In fact, I didn't even need the "header" line! This code had worked wonders until I took about a 6-month break from the project. When I returned, instead of picking up right where I left off as I expected, every time I tried to request the webpage, I was returned <Response [403]> with the HTML correlating to a "security page". As a result, I have not been able to get any usable data from the website.

As this is quite the common occurrence, I scoured through MANY stack overflow questions and have implemented their suggestions. All of the following changes have been attempted and have not resulted in any success:

  1. Adding a 'user-agent' header containing only 'Mozilla/5.0'

  2. Adding a more complicated 'user-agent' header such as:

    'Mozilla/5.0 (Linux; Android 6.0; Nexus 5 Build/MRA58N) AppleWebKit/537.36 (KHTML, like Gecko) Chrome/92.0.4515.107 Mobile Safari/537.36'
    
  3. Adding a completely filled out header, based on this stack overflow question: Web Scraping getting error (HTTP Error 403: Forbidden) using urllib

  4. Adding only the 'user-agent' and 'Accept-Language' parameters, setting them equal to

    'en-US;q=0.7,en;q=0.3'
    
  5. Instead of using the httpx (http) library, replacing it with the requests library

  6. Instead of using requests.get(), using session and session.get() as session keeps track of cookies allow some websites' blockers to be bypassed

  7. And the last, desperate thing I tried was to use proxies based on this question: Web scraping results in 403 Forbidden Error and using the free random proxies from https://free-proxy-list.net/. I cycled through about 3 different addresses with varying 'specs'--none of them worked.

At this point, I have pretty much no leads on what thing sets off the red flags (perhaps my IP was flagged?) I have attached my code below in case that is helpful. Again, this is quite the new thing, just a few months ago everything was working smoothly...
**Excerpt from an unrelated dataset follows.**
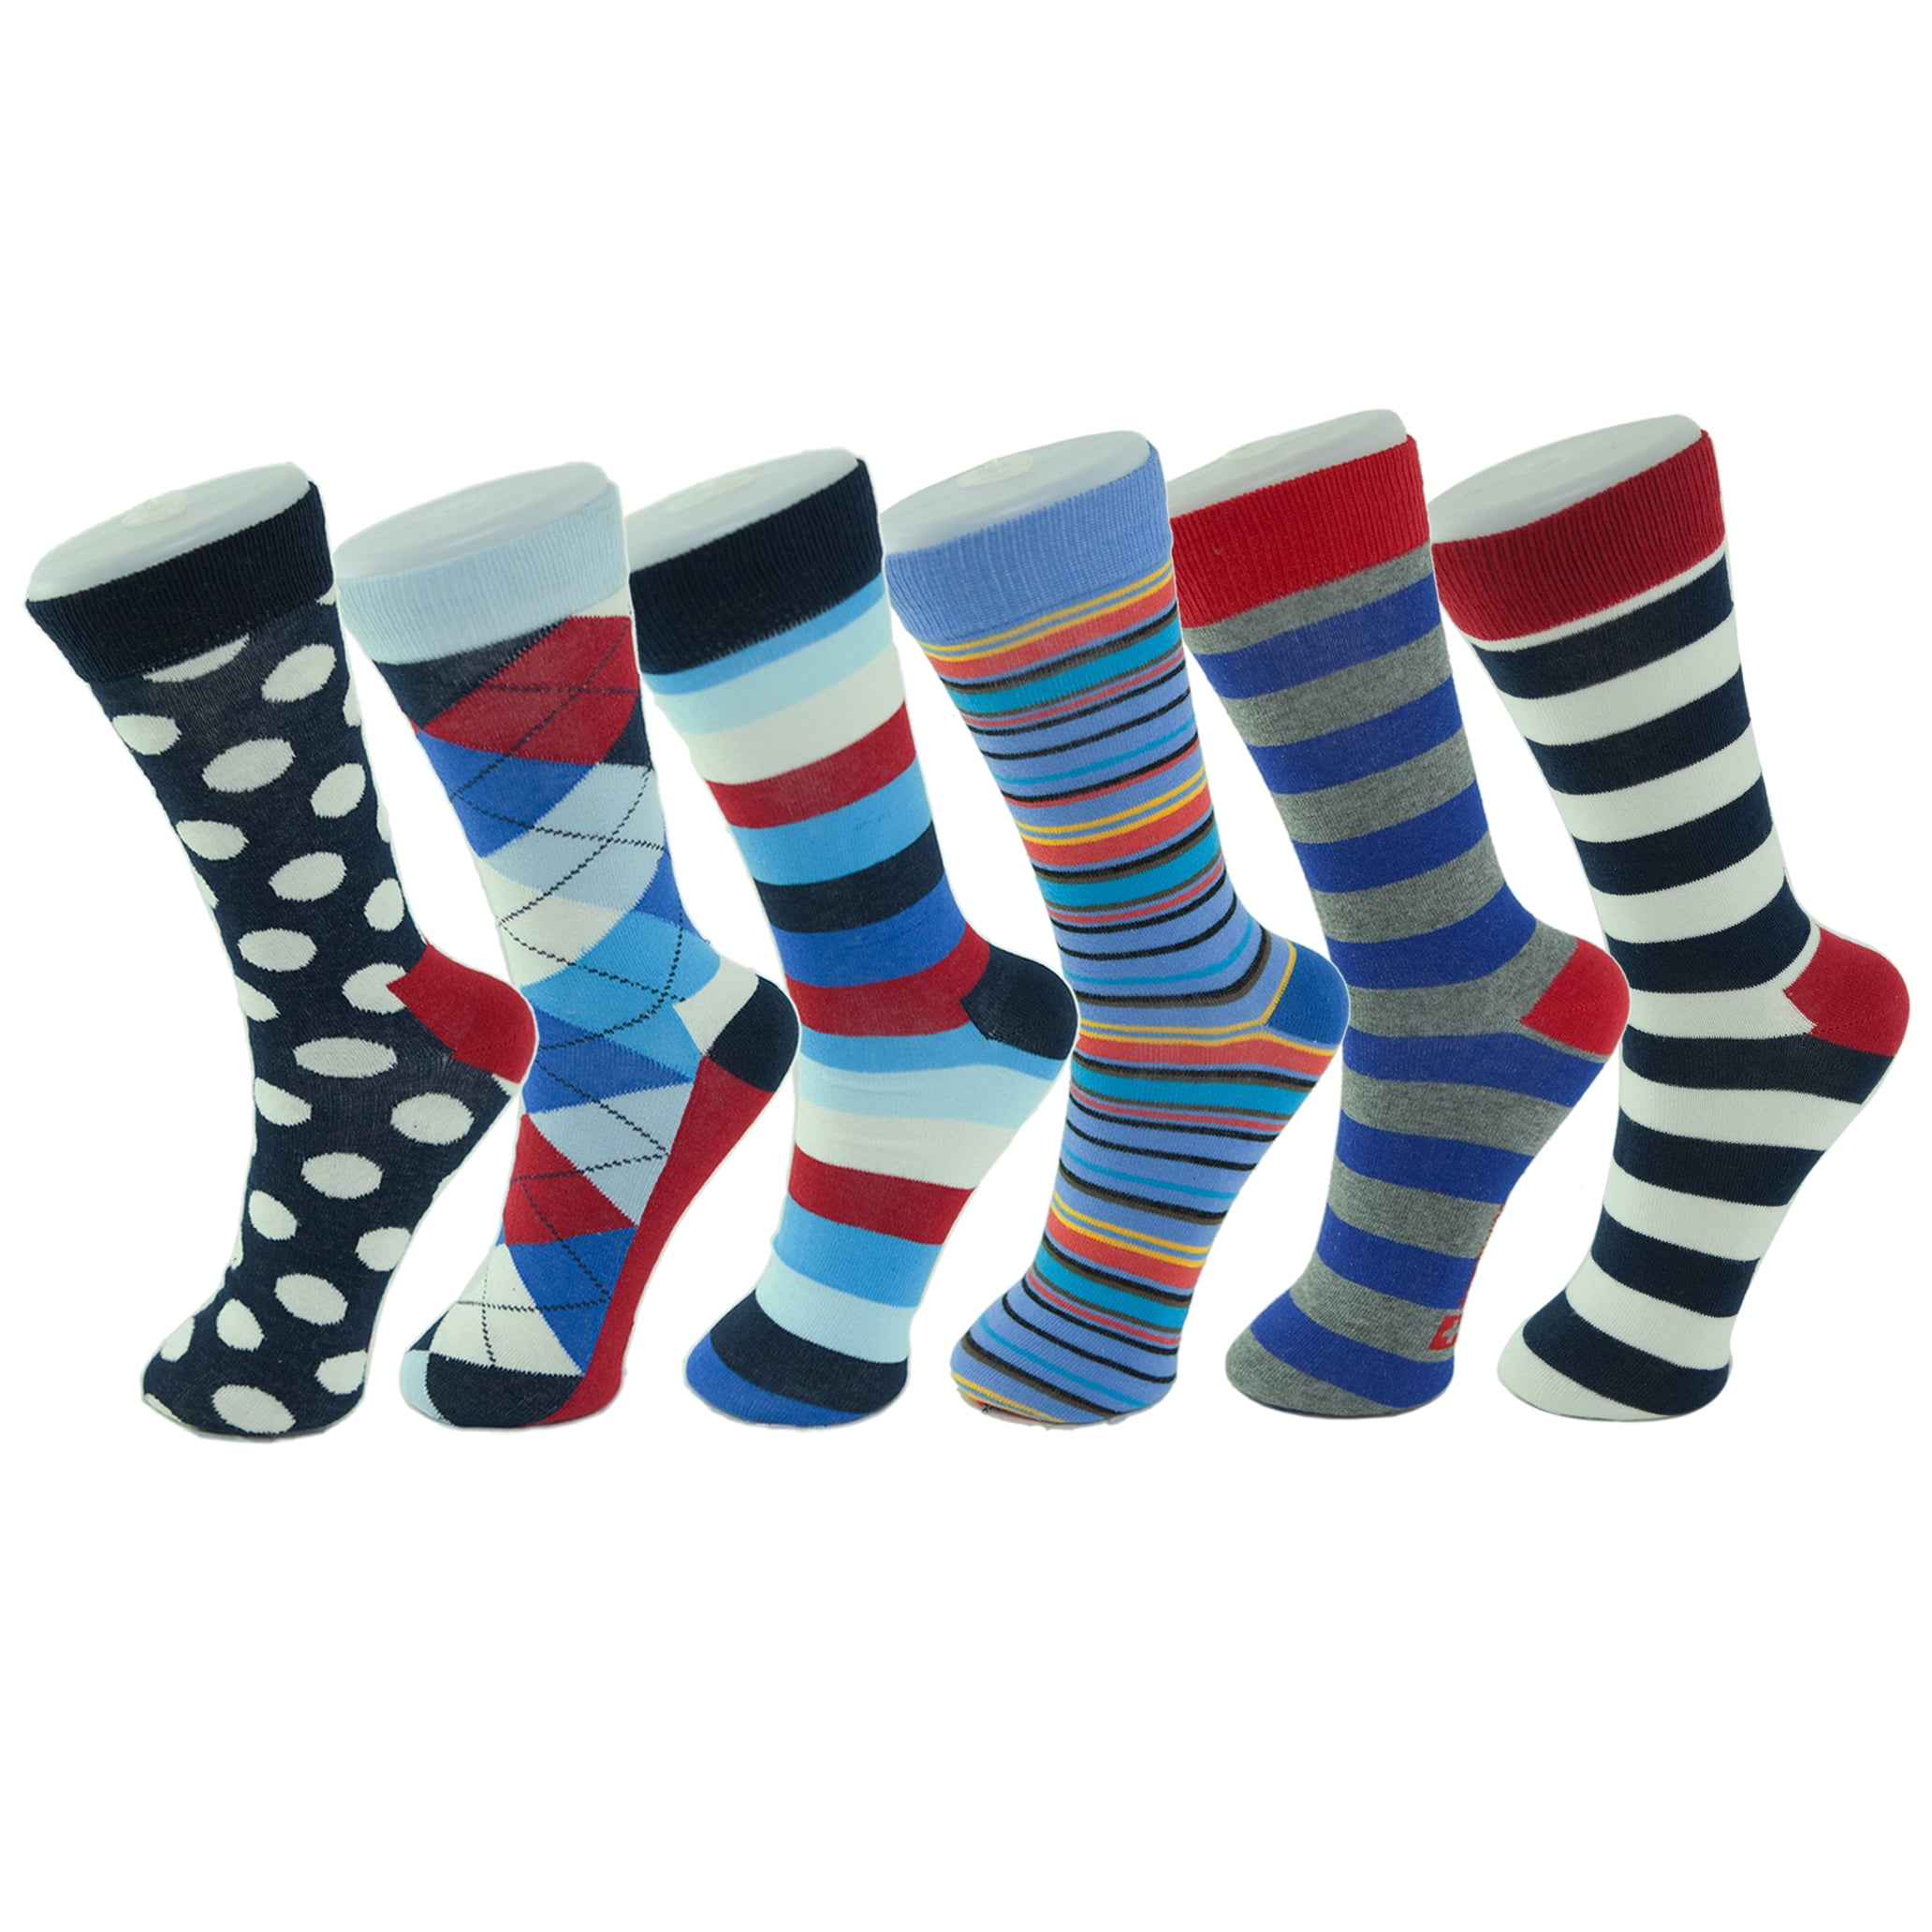 Mens Dress Socks Business Casual Work Argyle Solid Pattern Cotton Crew Sock 5 Pack

url = "https://www.glassdoor.com/Reviews/-Reviews-E"

HEADERS = {
    'Accept':'text/html,application/xhtml+xml,application/xml;q=0.9,image/avif,image/webp,image/apng,*/*;q=0.8,application/signed-exchange;v=b3;q=0.7',
    'Accept-Encoding':'gzip, deflate, br',
    'Accept-Language':'en-US,en;q=0.9',
    'Cache-Control': 'max-age=0',
    'Cookie': 'Here is where I copied the cookies from my browser, I looked through it and it contained some info that Might be able to personally identify me so I removed it from the post',
    'Sec-Ch-Ua': '"Not.A/Brand";v="8", "Chromium";v="114", "Google Chrome";v="114"',
    'Sec-Ch-Ua-Mobile':'?0',
    'Sec-Ch-Ua-Platform':"Windows",
    'Sec-Fetch-Dest': 'document',
    'Sec-Fetch-Mode': 'navigate',
    'Sec-Fetch-Site': 'same-origin',
    'Sec-Fetch-User':'?1',
    'Upgrade-Insecure-Requests': '1',
    'User-Agent':'Mozilla/5.0 (Windows NT 10.0; Win64; x64) AppleWebKit/537.36 (KHTML, like Gecko) Chrome/114.0.0.0 Safari/537.36'
}

if __name__ == "__main__":
    id = input("What Glassdoor company would you like to scrape [enter an id]: ")
    #getting "403 Forbidden "

    session = requests.Session()
    session.headers = HEADERS
    session.proxies = {'http':'209.141.62.12'}
    #this code returns 403 forbidden
    #page = http.get(url+ id + ".htm",timeout= 1000000,headers=HEADERS)
    page = session.get(url + id + ".htm",timeout = 100000,headers=HEADERS,proxies={'http':'209.141.62.12'})
    try:
        data = re.findall(r'apolloState":\s*({.+})};', page.text)[0]
    except IndexError:
        dir = create_log_directory("failed",id)
        logging.basicConfig(filename= dir+"info.log",encoding='utf-8',filemode='w',level=logging.DEBUG)
        logging.critical("failed")
        logging.debug(url + id + ".htm")
        logging.debug(page.text)
        sys.exit()

For context, you can assume all the logging functions work fine and that the line of code in the try will throw an IndexError only if I am returned an error or incorrect page. Additionally, I removed the 'Cookie' from the Cookie section of the header as I want to avoid possibly doxxing myself. However, it is worth noting that the 'Cookie' (and all other headers) came directly from my chrome browser (I visited the site and used chrome debug tools to identify my request headers). For testing purposes, you could replace the cookie with your own cookie.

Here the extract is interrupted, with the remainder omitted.